Ultimately, we will check the leading digit for a Benford distribution, using the Chi-square test.

[Code section 20]

In [20]:
# CHECKING THE FIRST DIGITS FOR BENFORD DISTRIBUTION

# Creating a data-frame with the first digits of the integer values
FirstDigit = pd.DataFrame(map(int, [str(x)[0] for x in Integer]))

H_FirstDigit = pd.DataFrame(FirstDigit.value_counts().sort_index())
H_FirstDigit.reset_index(inplace = True)

H_FirstDigit.columns = ['FirstDigit', 'Frequency']
H_FirstDigit.loc[len(H_FirstDigit)] = [9, 0]
H_FirstDigit.set_index('FirstDigit', inplace = True)

print("Below, the first digits and their frequencies are shown:")
display(H_FirstDigit)

# Defining the expected frequencies
Probs = []
for x in numbers: Probs.append(math.log10(1 + 1/x))
for i in range(0, len(Probs)):
    Probs[i] = Probs[i] * len(FirstDigit)

# creating a data-frame with the expected frequencies
Probs = pd.DataFrame(Probs)
Probs.columns = ['Expected_Frequency']
Probs.index.name = 'FirstDigit'

print("Below, the expected frequencies are shown:")
display(Probs)

# Performing the Chi-square test
sp.stats.chisquare(f_obs = H_FirstDigit["Frequency"], f_exp = Probs["Expected_Frequency"])

Below, the first digits and their frequencies are shown:


Unnamed: 0_level_0,Frequency
FirstDigit,Unnamed: 1_level_1
1,30
2,12
3,15
4,15
5,12
6,9
7,10
8,4
9,0


Below, the expected frequencies are shown:


Unnamed: 0_level_0,Expected_Frequency
FirstDigit,Unnamed: 1_level_1
0,32.21021
1,18.841765
2,13.368445
3,10.369371
4,8.472393
5,7.163306
6,6.205138
7,5.47332
8,4.896051


Power_divergenceResult(statistic=np.float64(14.45619805497751), pvalue=np.float64(0.0706227444346869))

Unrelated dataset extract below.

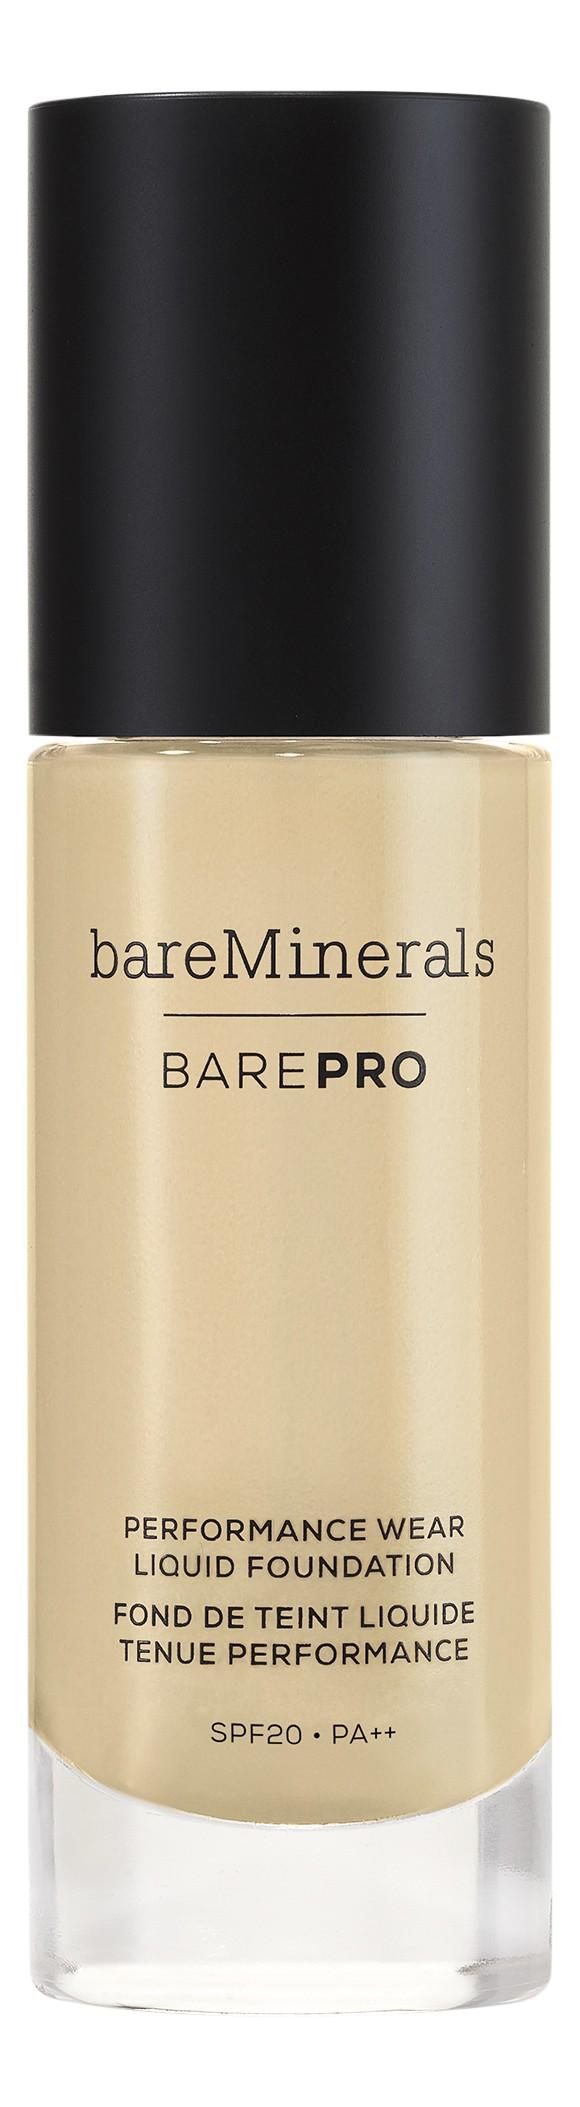 bareMinerals - Barepro Performance Wear Liquid Foundation - Aspen 04
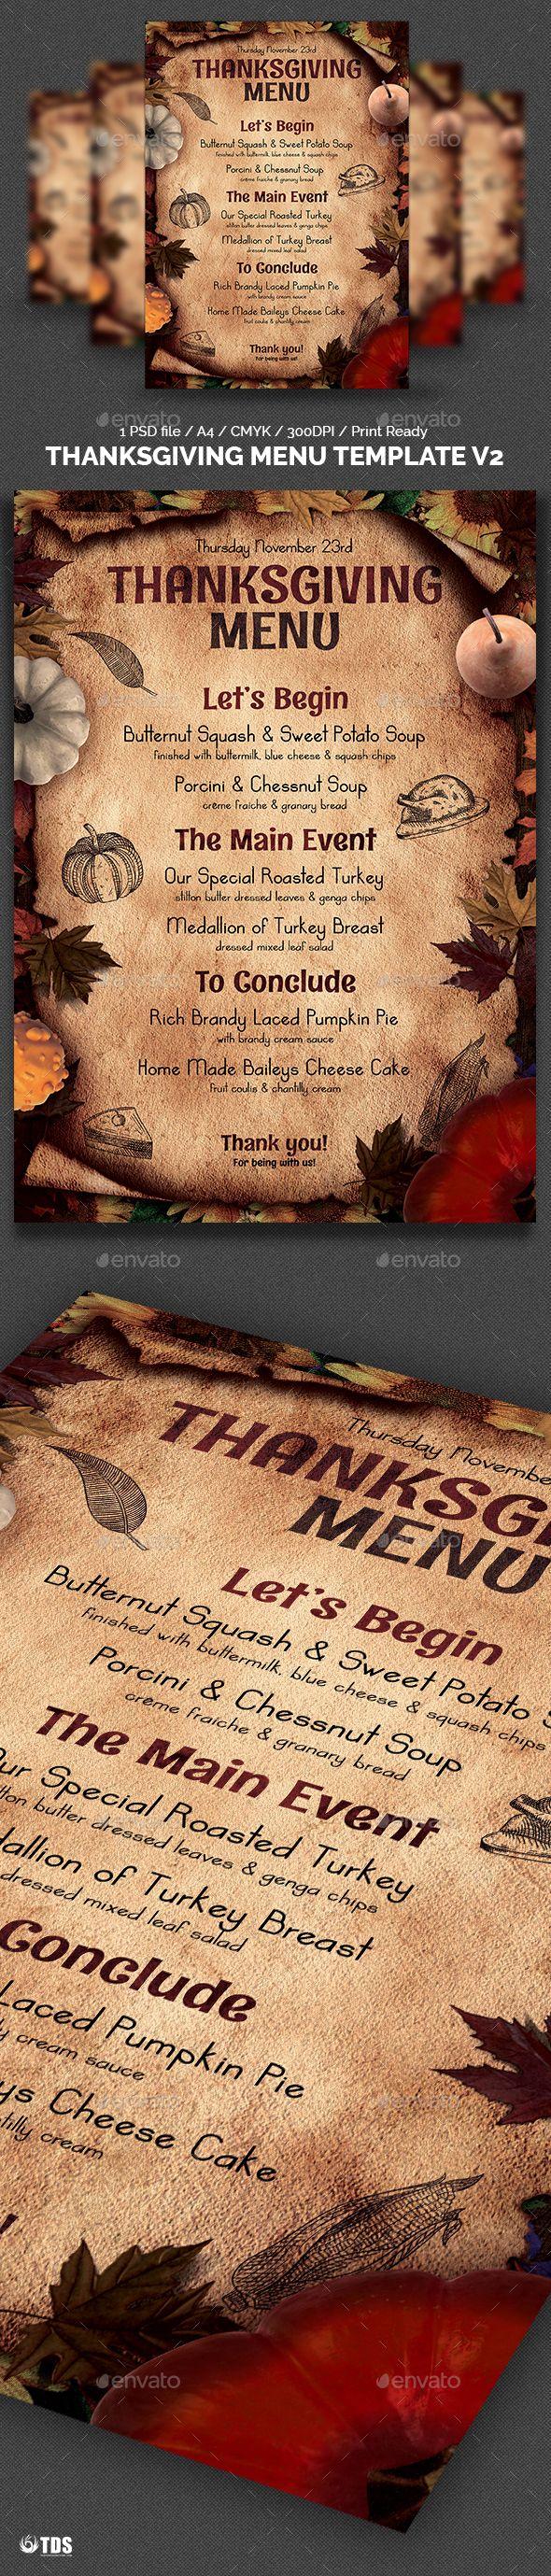 19 best Menus images on Pinterest | Restaurant branding, Graph ...

The output shows that the null hypothesis cannot be rejected at a significance level of $5\%$ since the p-value of the chi-square test is equal to $0.07062$. Thus, at the $5\%$ significance level no deviation of the distribution of the first digit from the Benford distribution can be substantiated, although at the $10%$ significance level it can be.

--------------

## 6. Evaluation <a id="Evaluation"></a>

The initial task was to use alternative methods of digital data analysis when auditing annual financial statements. The following conclusions can be drawn from the available synthetic data, i.e. artificially generated sample data:

1. Weekend bookings: 15 bookings took place on a Sunday; the corresponding booking records can be viewed using df_transactions_sundays and should be subjected to further investigations.
2. Cash minus inspection: The cash was five times in the minus.
3. Validation of duplicates: A duplicate was identified (Workflow GmbH Berlin). The data must be cleaned up and consolidated.